Alexander Foo, Ph.D., an NIEHS visiting fellow and lead author of the paper, explained that mosquitoes produce AEG12 when they take a blood meal or become infected with flaviviruses. Like humans, mosquitoes mount a vigorous immune response against these viruses, with AEG12 bursting their viral covering. But, at the beginning of the project, Foo and his colleagues knew little about the function of AEG12.
"The prospect of studying a new protein is exciting, yet daunting," Foo said. "Thankfully, we had enough clues and access to a wide range of expertise at NIEHS to piece it together."
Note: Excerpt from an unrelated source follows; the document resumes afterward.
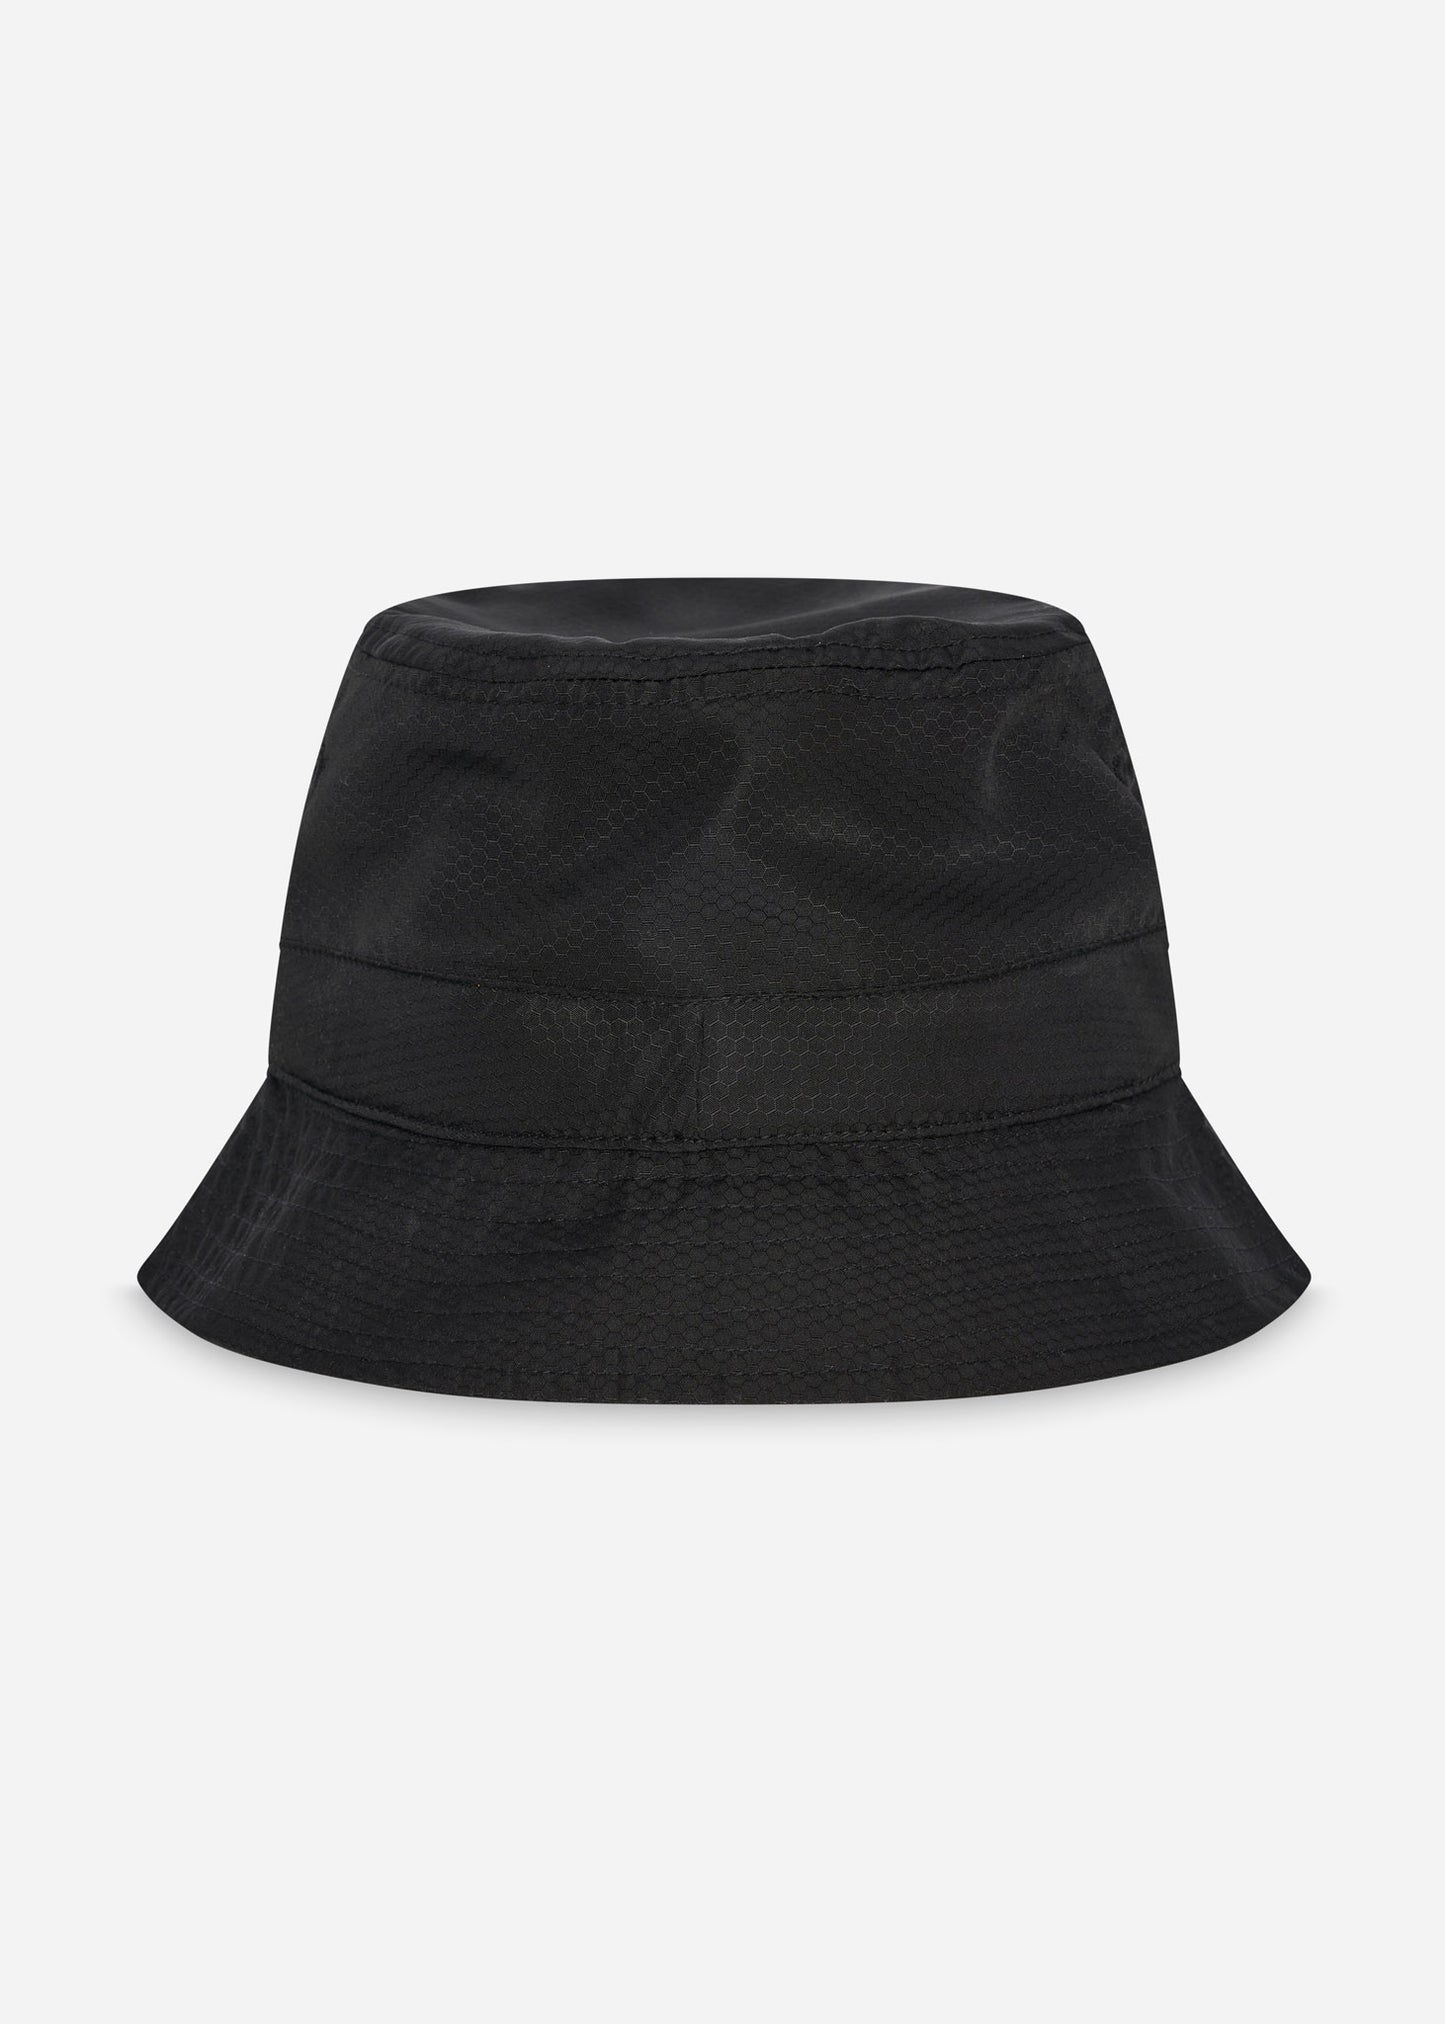 Impeller sports hat - black - Barbour International
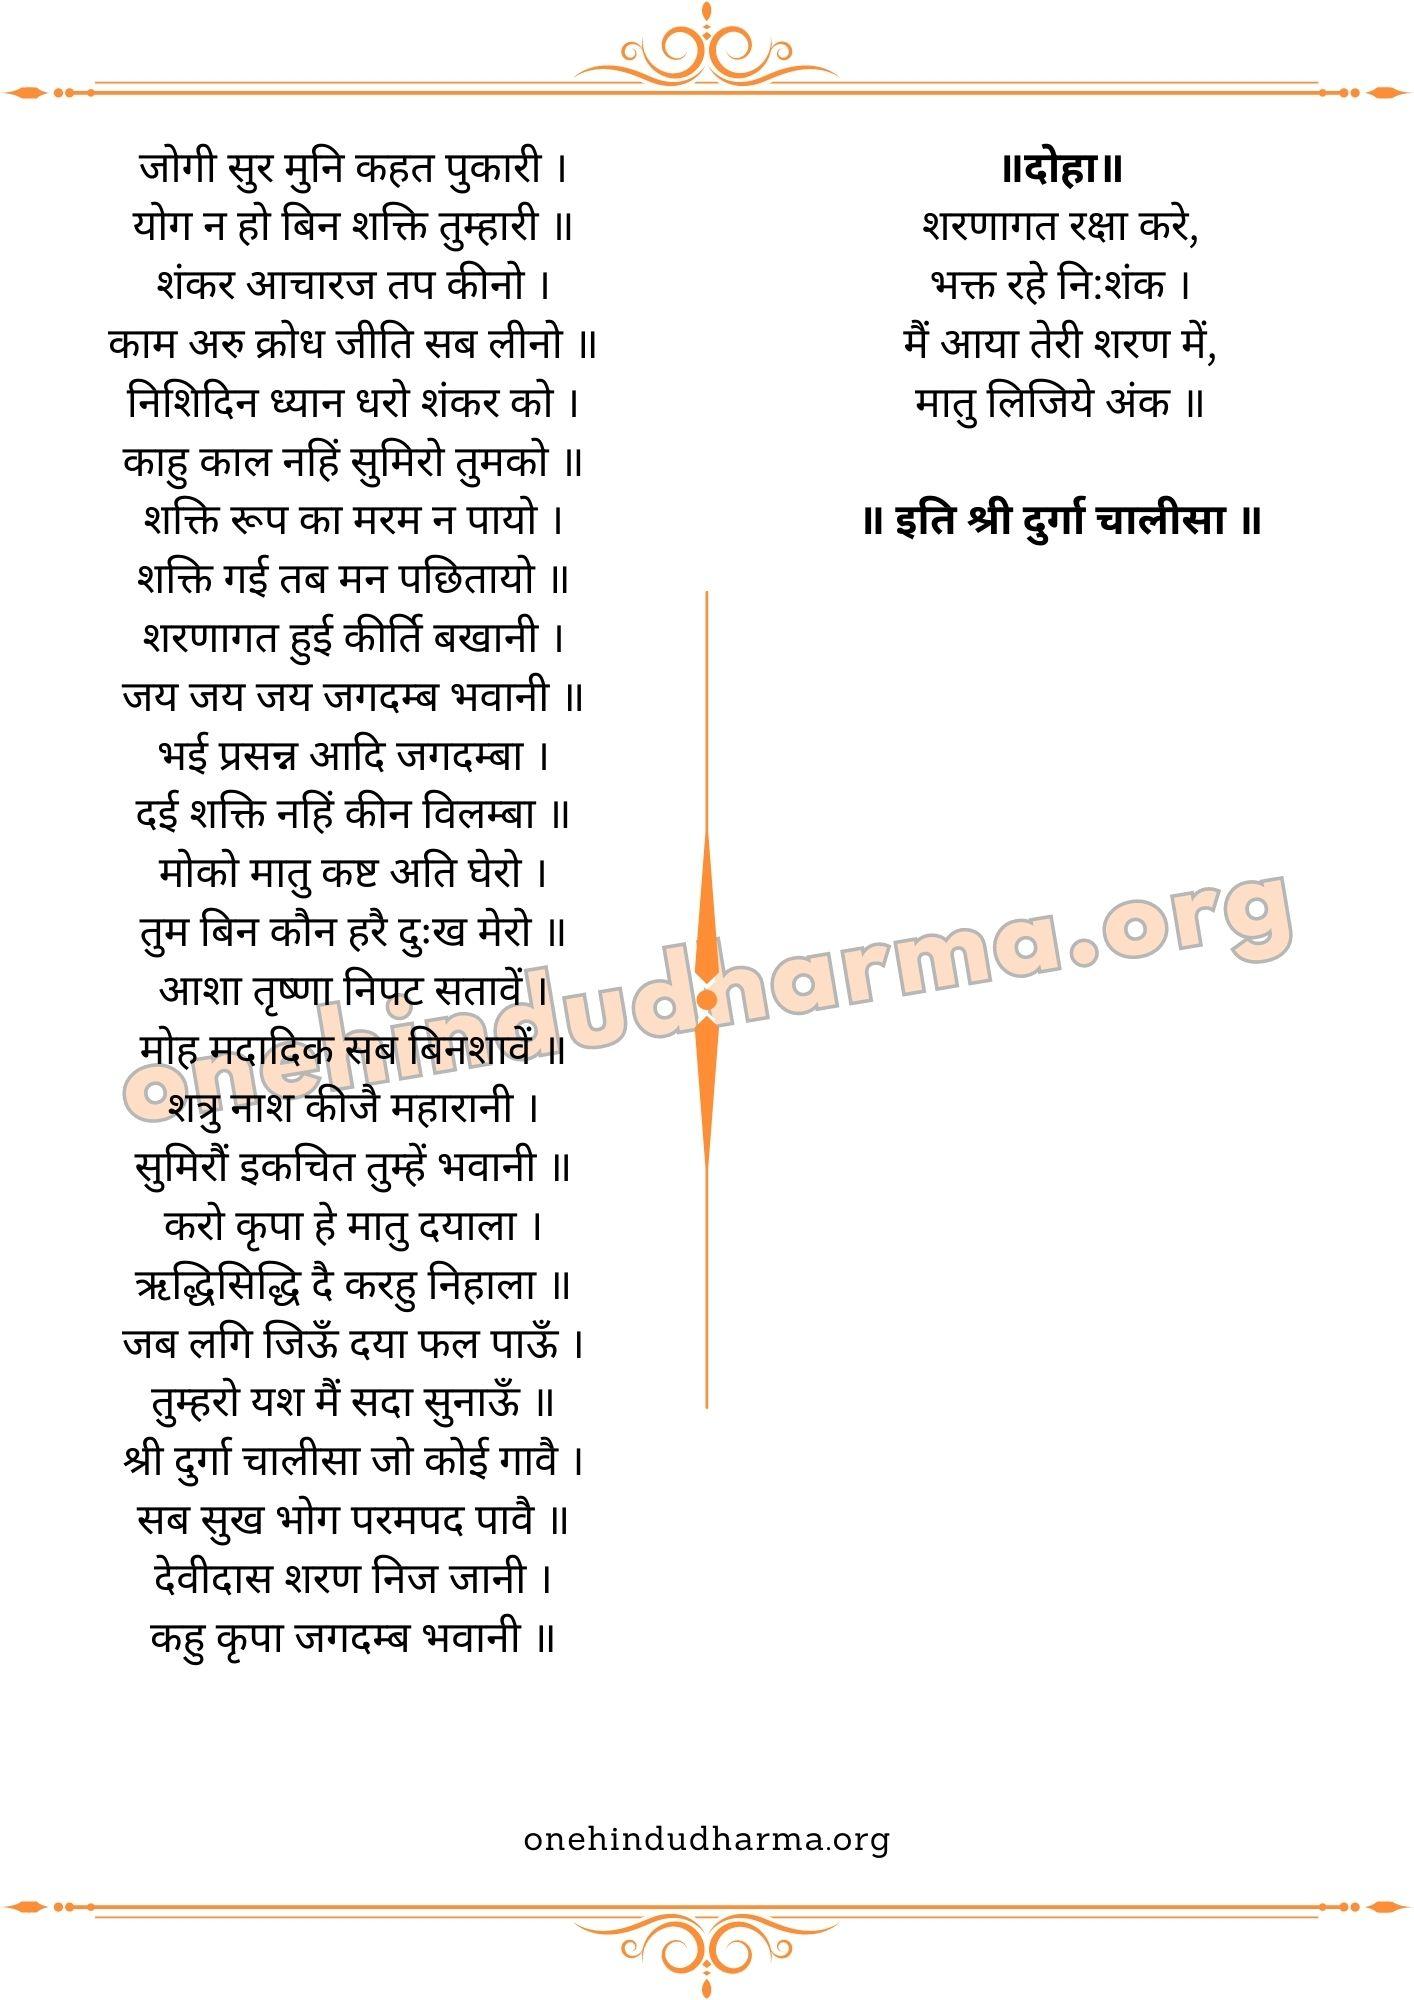 दुर्गा चालीसा (Durga Chalisa In Hindi Lyrics)

Co-author and crystallography expert Lars Pedersen, Ph.D., is leader of the NIEHS Structure Function Group. He routinely uses information about a molecule's physical makeup in his work and encourages more scientists to consider using this data in their studies. He said, "Our research shows that understanding the structure of a protein can be important in figuring out what it does and how it could help treat disease."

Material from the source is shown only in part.